The following example demonstrates how the number of observed peaks that can be interpreted increases by considering fragments with an optional ammonia (NH3) or water (H2O) neutral loss:

import matplotlib.pyplot as plt
import spectrum_utils.plot as sup
import spectrum_utils.spectrum as sus


usi = "mzspec:PXD014834:TCGA-AA-3518-01A-11_W_VU_20120915_A0218_3F_R_FR01:scan:8370"
peptide = "WNQLQAFWGTGK"
spectrum = sus.MsmsSpectrum.from_usi(usi)
spectrum.annotate_proforma(
    peptide,
    fragment_tol_mass=0.05,
    fragment_tol_mode="Da",
    ion_types="aby",
    neutral_losses={"NH3": -17.026549, "H2O": -18.010565},
)

fig, ax = plt.subplots(figsize=(12, 6))
sup.spectrum(spectrum, grid=False, ax=ax)
ax.set_title(peptide, fontdict={"fontsize": "xx-large"})
ax.spines["right"].set_visible(False)
ax.spines["top"].set_visible(False)
plt.savefig("neutral_losses_1.png", dpi=300, bbox_inches="tight", transparent=True)
plt.close()

Neutral losses example spectrum plot

Peaks that correspond to peptide fragments with a neutral loss are highlighted in the matching color.
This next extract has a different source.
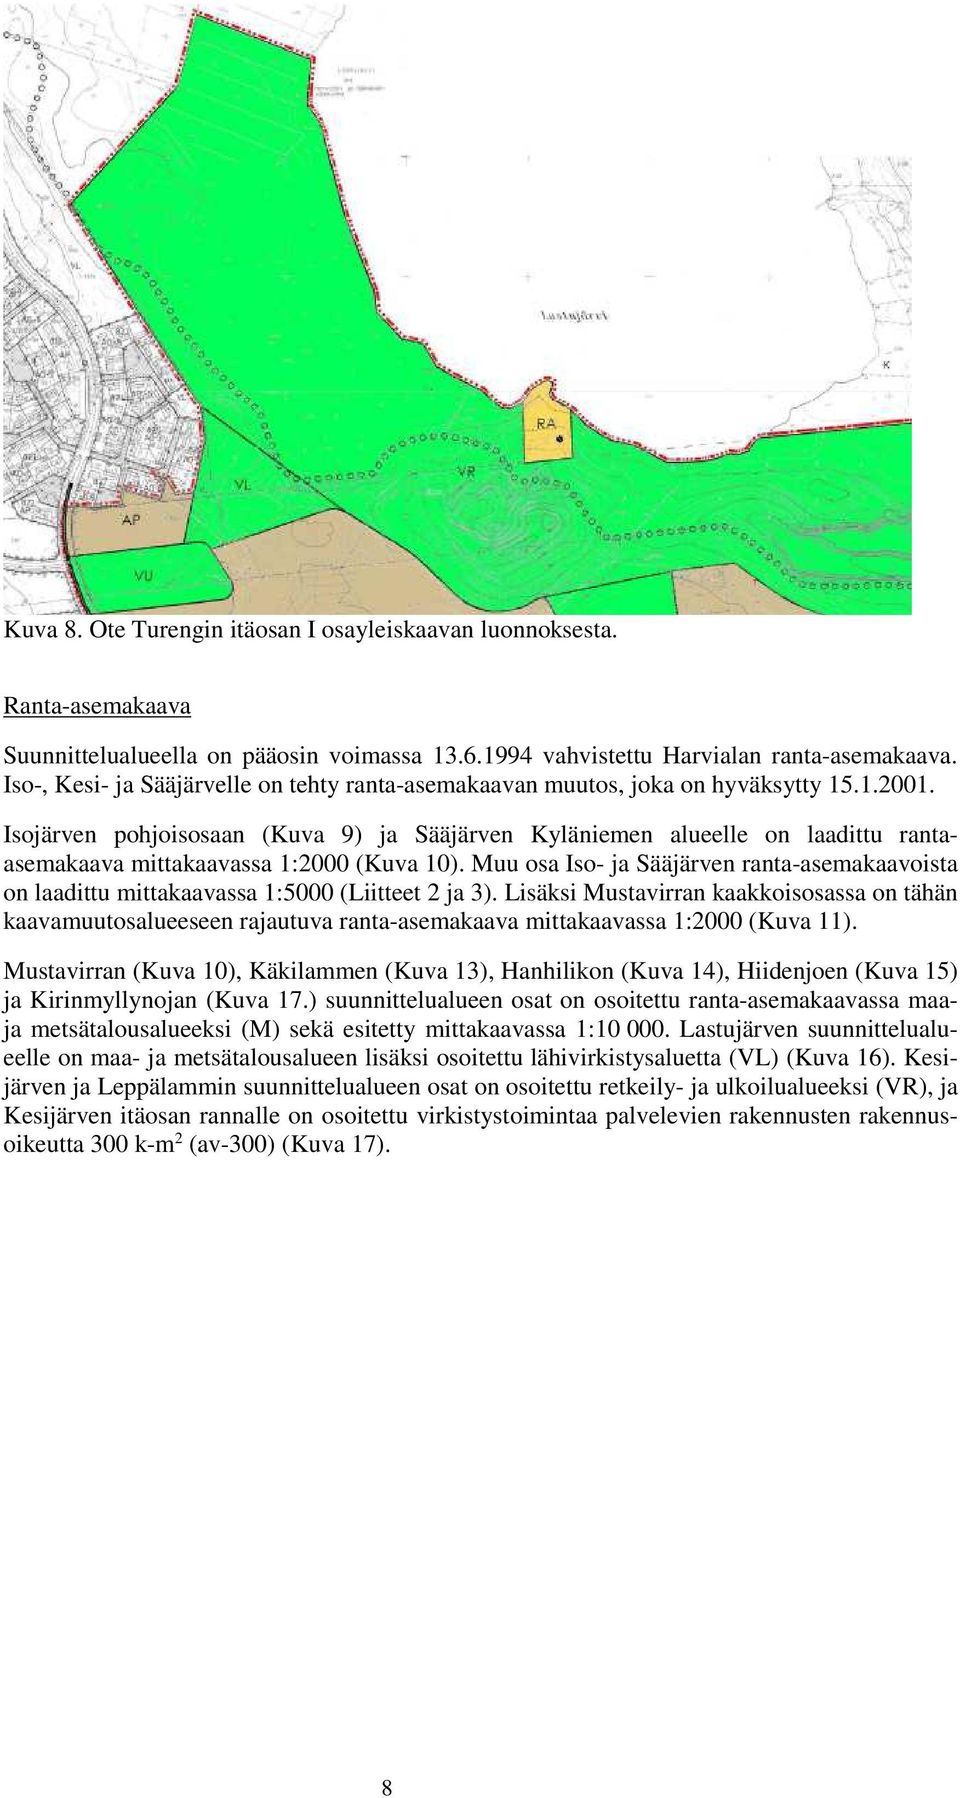 Isojärven pohjoisosaan (Kuva 9) ja Sääjärven Kyläniemen alueelle on laadittu rantaasemakaava mittakaavassa 1:2000 (Kuva 10).
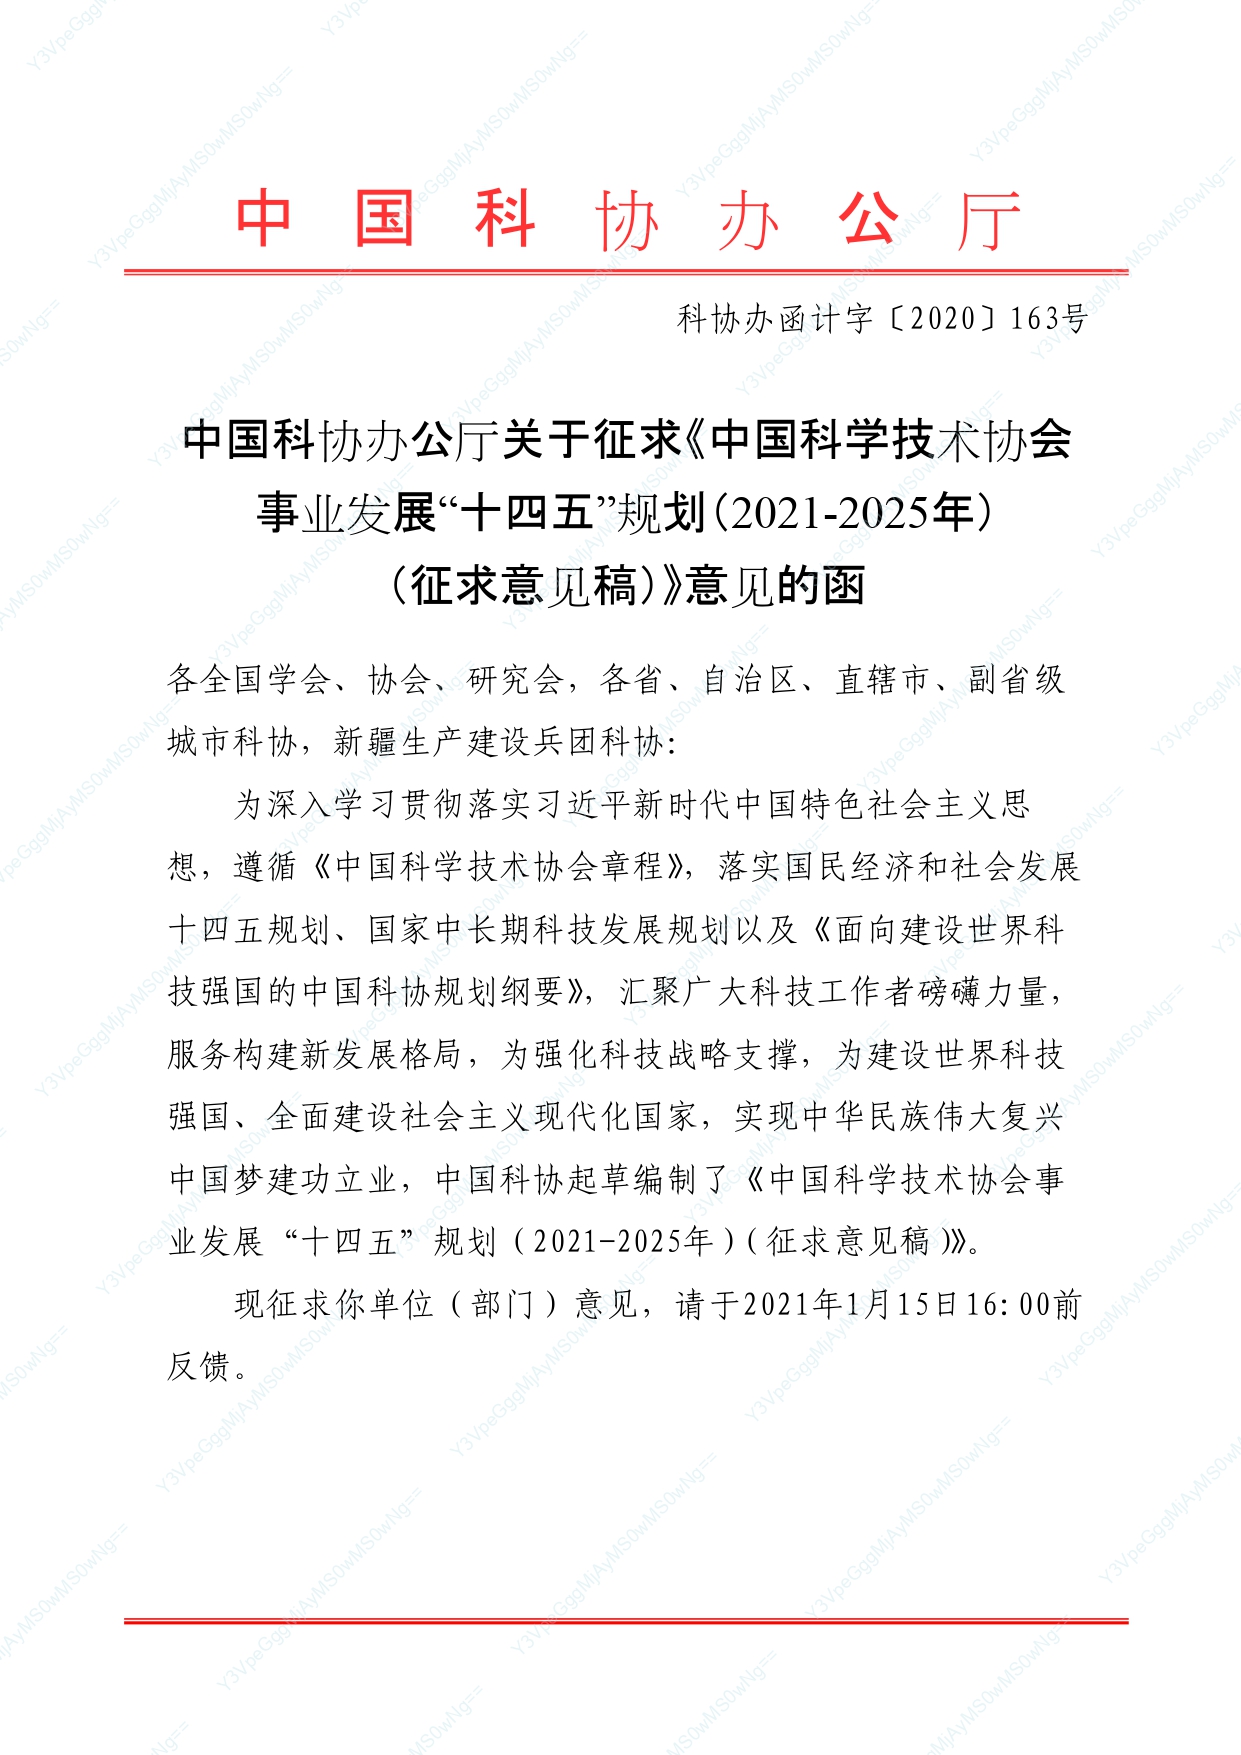 关于征求《中国科学技术协会事业发展“十四五”规划（2021-2025年）（征求意见稿）》意见的函_page-0001.jpg

In contrast, the same peptide–spectrum match without considering neutral losses is able to explain far fewer peaks:

import matplotlib.pyplot as plt
import spectrum_utils.plot as sup
import spectrum_utils.spectrum as sus


usi = "mzspec:PXD014834:TCGA-AA-3518-01A-11_W_VU_20120915_A0218_3F_R_FR01:scan:8370"
peptide = "WNQLQAFWGTGK"
spectrum = sus.MsmsSpectrum.from_usi(usi)
spectrum.annotate_proforma(
    peptide, fragment_tol_mass=0.05, fragment_tol_mode="Da", ion_types="aby",
)

fig, ax = plt.subplots(figsize=(12, 6))
sup.spectrum(spectrum, grid=False, ax=ax)
ax.set_title(peptide, fontdict={"fontsize": "xx-large"})
ax.spines["right"].set_visible(False)
ax.spines["top"].set_visible(False)
plt.savefig("neutral_losses_2.png", dpi=300, bbox_inches="tight", transparent=True)
plt.close()

Neutral losses example spectrum plot

Common neutral losses

Overview of common neutral losses:

Neutral loss/gain Molecular formula Mass difference
Hydrogen H 1.007825
Ammonia NH3 17.026549
Water H2O 18.010565
Carbon monoxide CO 27.994915
Carbon dioxide CO2 43.989829
Formamide HCONH2 45.021464
Formic acid HCOOH 46.005479
Methanesulfenic acid CH4OS 63.998301
Sulfur trioxide SO3 79.956818
Metaphosphoric acid HPO3 79.966331
Mercaptoacetamide C2H5NOS 91.009195
Mercaptoacetic acid C2H4O2S 91.993211
Phosphoric acid H3PO4 97.976896

Note that typically the neutral loss mass difference should be negative.

By default, no neutral losses are considered. If the neutral_losses argument of MsmsSpectrum.annotate_proforma(...) is set to True, all above mass differences will be considered as neutral losses (negative).